I Like Sushu wrote: Wed Jul 10, 2019 3:41 pm I said :

Part of the attraction I see other cling to in buddhist thought looks more like cowardice to me - the inherent need to deny reality; a dangerous path akin to nihilism.”

I was hardly putting everyone who finds appeal in buddhist teachings into the same basket.
But you were warning against "the need to deny reality" and "the dangers of nihilism”, and insofar such warning is necessary then any philosophy which shares those views ought to be warned against.

Hence - you are putting model-dependent realism (a weak form of anti-realism) in the same basket as Buddhism.
I Like Sushu
Posts: 111
Joined: Fri Jun 28, 2019 10:03 am

Re: Meditating with Descartes

Post by I Like Sushu »

Skepdick wrote: Wed Jul 10, 2019 3:57 pm
I Like Sushu wrote: Wed Jul 10, 2019 3:41 pm I said :

Part of the attraction I see other cling to in buddhist thought looks more like cowardice to me - the inherent need to deny reality; a dangerous path akin to nihilism.”

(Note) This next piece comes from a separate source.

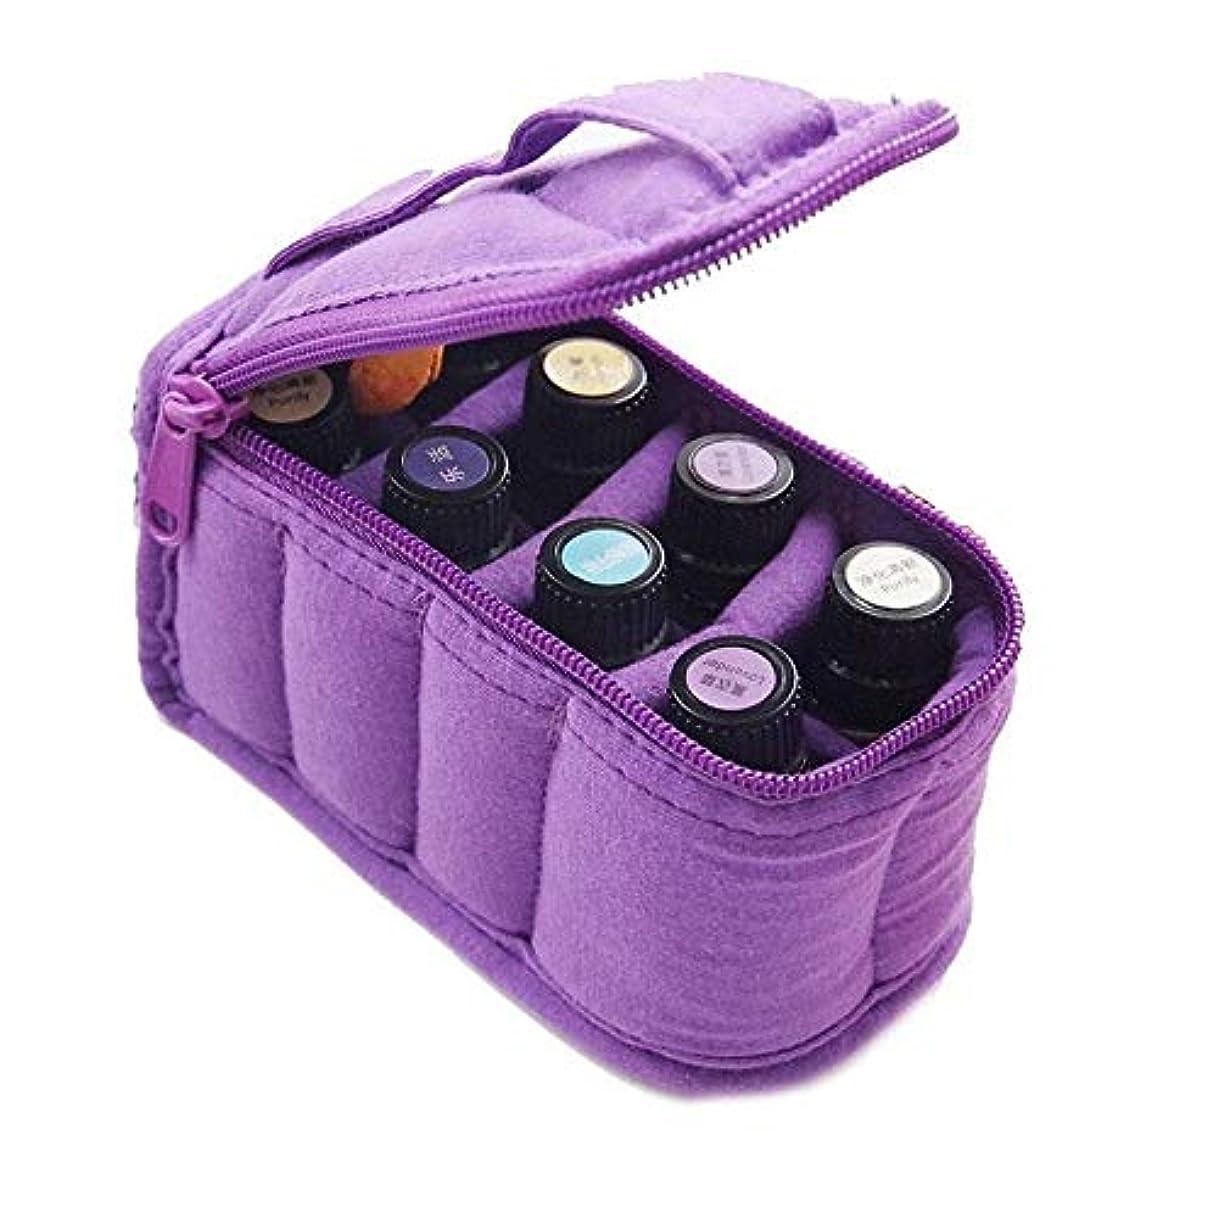 コックゼリー保守的アロマセラピー収納ボックス 10-15MLオイルオーガナイザーバッグは、フロントオイルホルスターに高レベルの保護を扱います エッセンシャルオイル収納ボックス (色 : 紫の, サイズ : 13X7X7.5CM)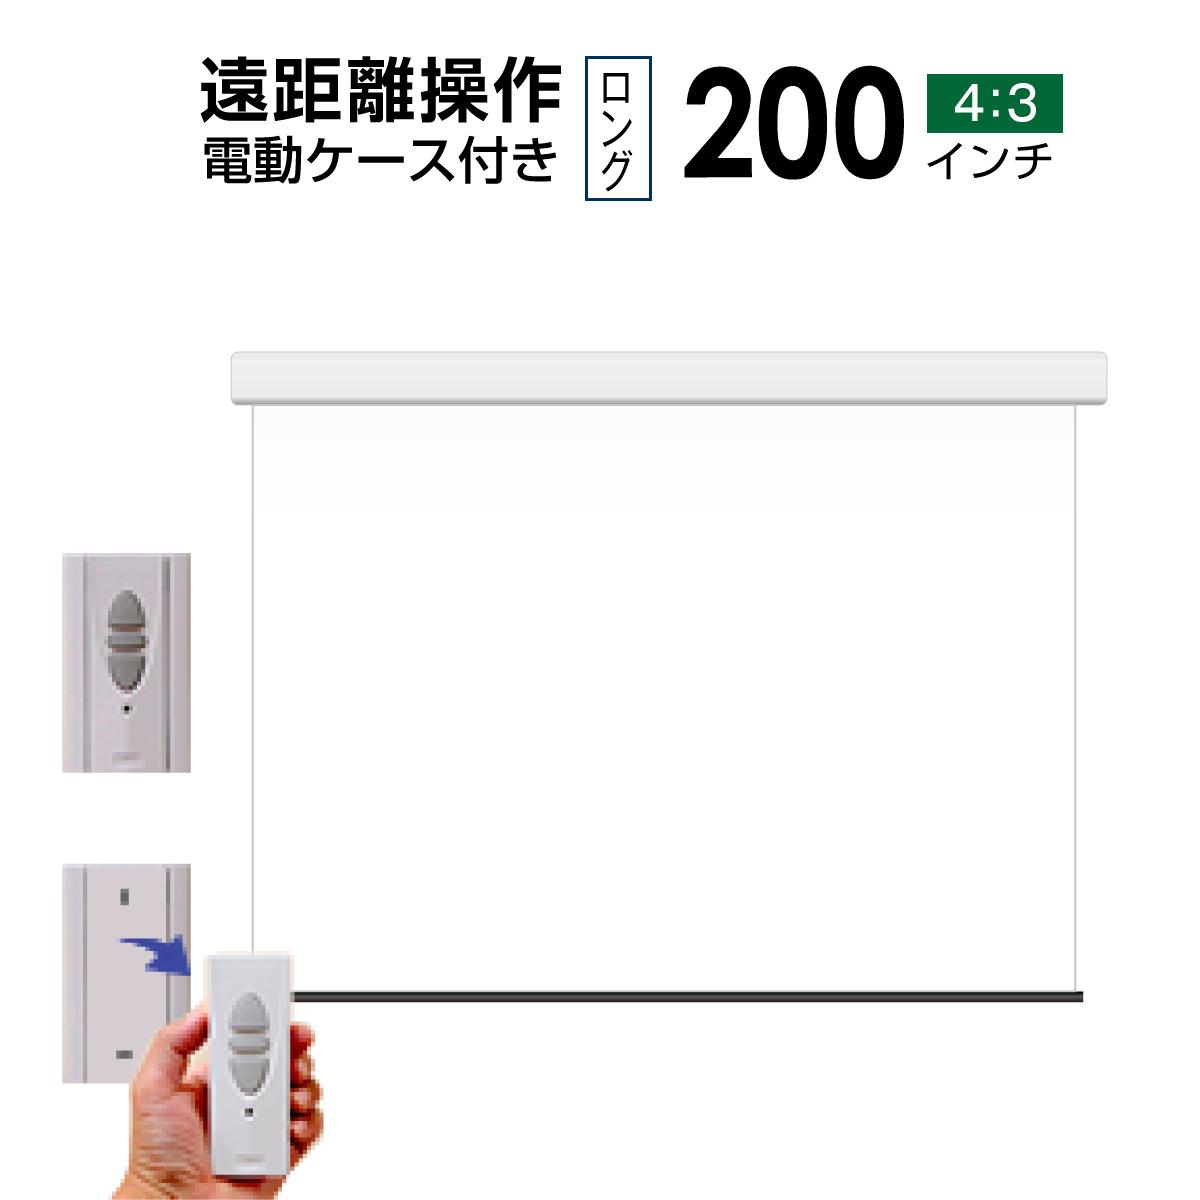 プロジェクタースクリーン 電動遠距離ケース付きタイプ200インチ(4:3) マスクフリー WCR4065FEH-H4000

I was hardly putting everyone who finds appeal in buddhist teachings into the same basket.
But you were warning against "the need to deny reality" and "the dangers of nihilism”, and insofar such warning is necessary then any philosophy which shares those views ought to be warned against.

Hence - you are putting model-dependent realism (a weak form of anti-realism) in the same basket as Buddhism.
I was actually comparing buddhism to nihilism. One looks up from the abyss and the other looks down into it. I don’t, and didn’t warn AGAINST, I said they are dangerous - I warned of danger, but I didn’t say ‘don’t go there’.

The thread talks about buddhism so did I. I have a habit of sticking to the general theme of topic. The buddhist view of ‘self’ is very much part if the topic.